Chalmers, who will transition to an exclusive consultant role on April 15, 2026 with Ross Papu assuming the CEO position, built much of this strategy over the past five years. What distinguishes the Mill further is its unique ability to process monazite, a rare earth-bearing mineral concentrate that grades 50% to 60% or more of total REE oxides, into separated REE oxides. Because monazite contains Uranium, commercial processing requires a licensed uranium facility. White Mesa is the only such facility in the US with this commercial-scale capability. As the company states:
"Energy Fuels' White Mesa Mill is the only US facility with the commercial capacity to process monazite for production of high-purity light and heavy REE oxides."

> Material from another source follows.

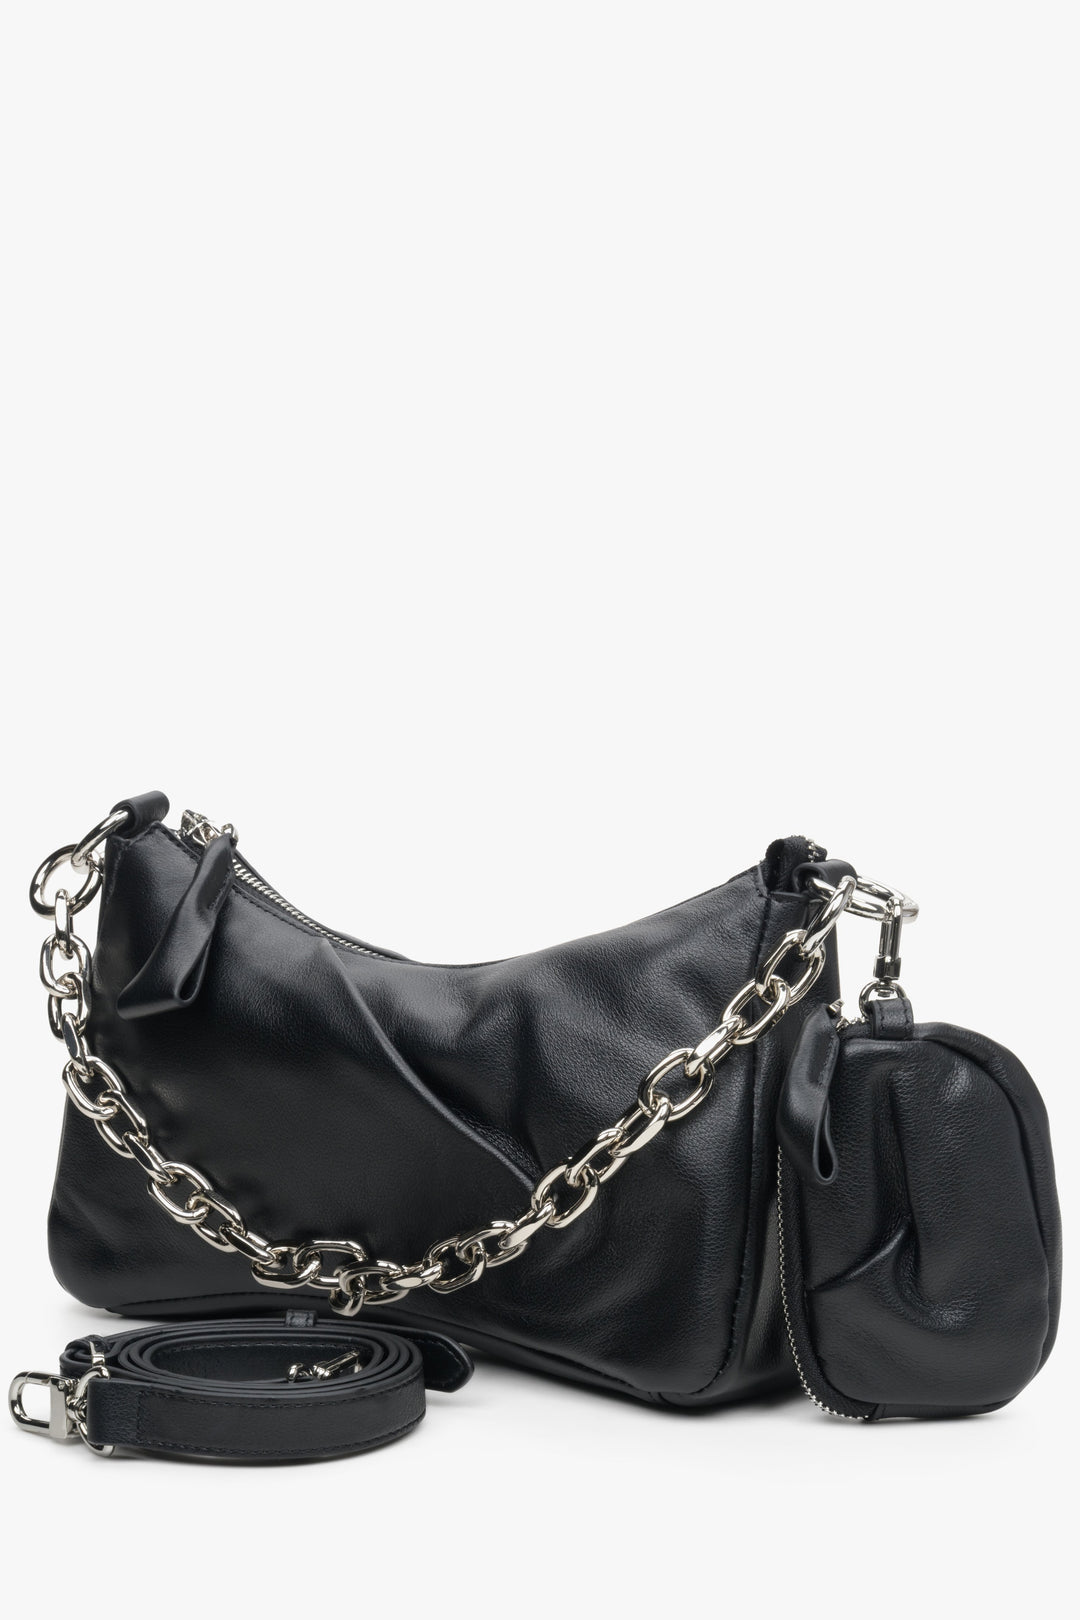 Estro's women's black leather bag with an elegant chain strap.
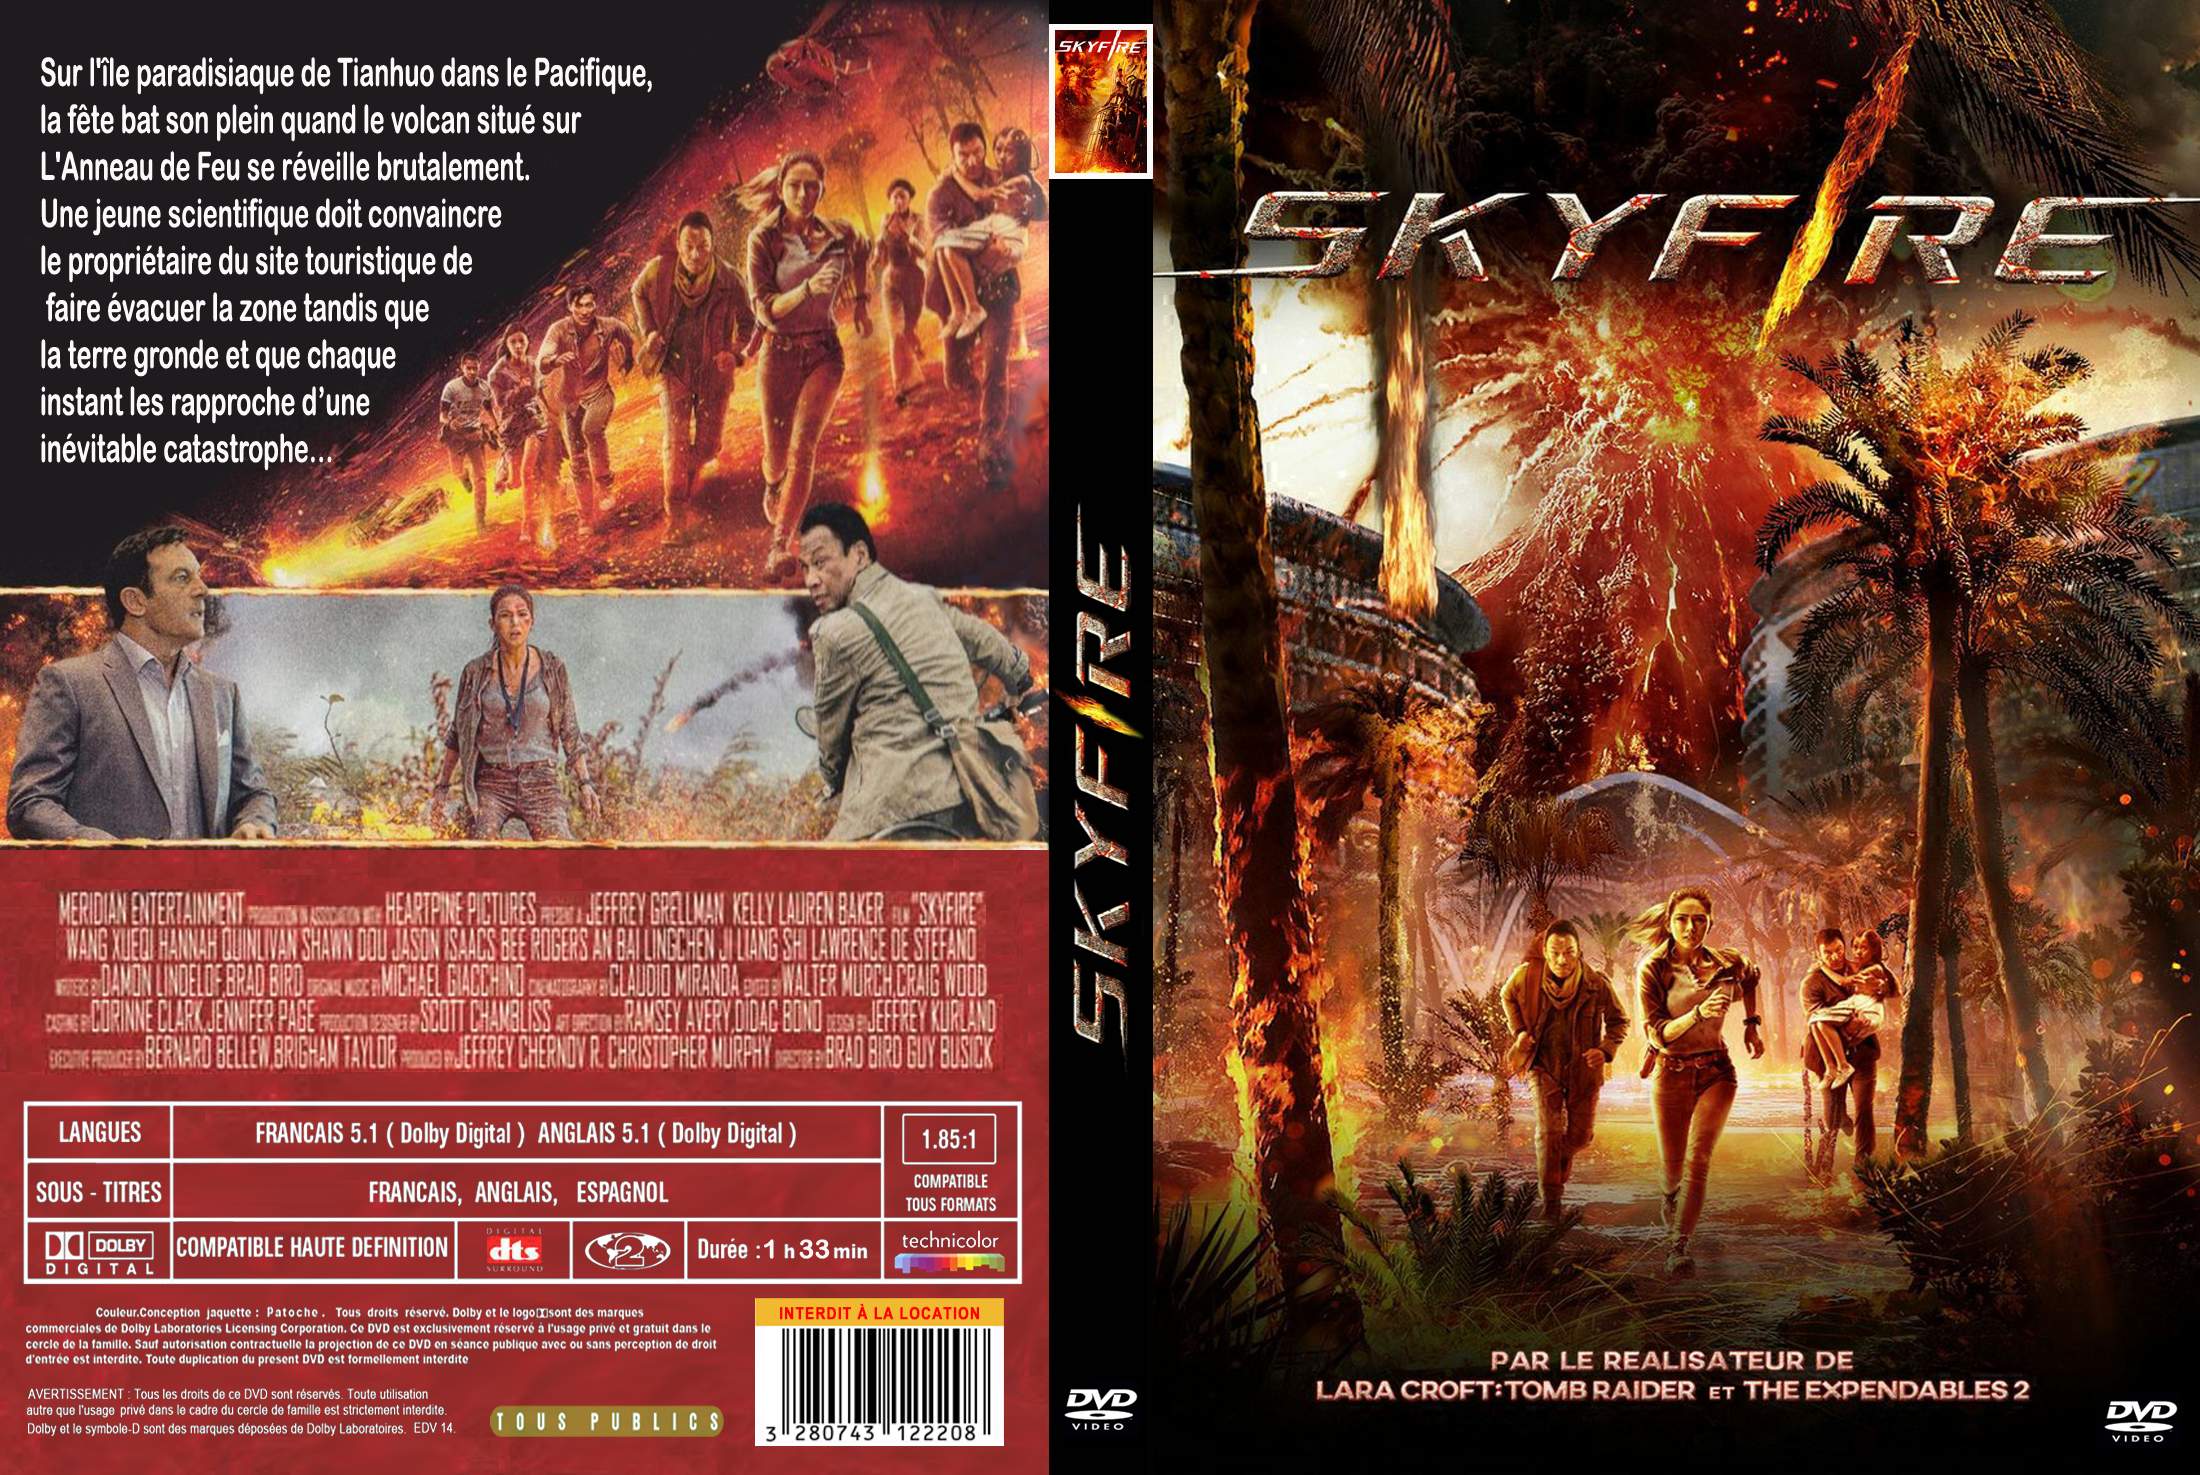 Jaquette DVD Skyfire custom

Long-Term Contracts: Locking In Revenue Through
Energy Fuels is the dominant Uranium producer in the United States. It operates the country's only conventional Uranium mill, holds six long-term supply contracts with US nuclear utilities through 2032, and mines Uranium at costs that generate significant margins at today's prices. The global backdrop, a structural supply deficit of approximately 5 million pounds in 2025, Kazatomprom cutting 2026 output to approximately 62 million pounds, and long-term contract prices at a 14-year high, is as constructive as it has been in a generation.
The risks are real: Uranium spot prices are volatile, the company is not yet profitable at the corporate level, the REE buildout requires significant capital, and a leadership transition adds short-term execution uncertainty. For investors seeking exposure to the nuclear renaissance through a producing, low-cost, US-domiciled Uranium company with a moated processing infrastructure, Energy Fuels is one of the most compelling vehicles in the sector.
TL;DR
Energy Fuels holds the only conventional Uranium mill in the US, produces at industry-leading low costs from the Pinyon Plain Mine, and carries $927.4 million in working capital to fund a multi-year buildout spanning Uranium production growth, rare earth separation, and a proposed acquisition that would complete a mine-to-metal supply chain. The Uranium market deficit is widening, long-term contract prices hit a 14-year high in December 2025, and the company is scaling production from 1.7 million pounds mined in 2025 toward 2.0 to 2.5 million pounds in 2026. The investment case rewards patience: profitability is not yet achieved, but the structural setup and asset moat are compelling.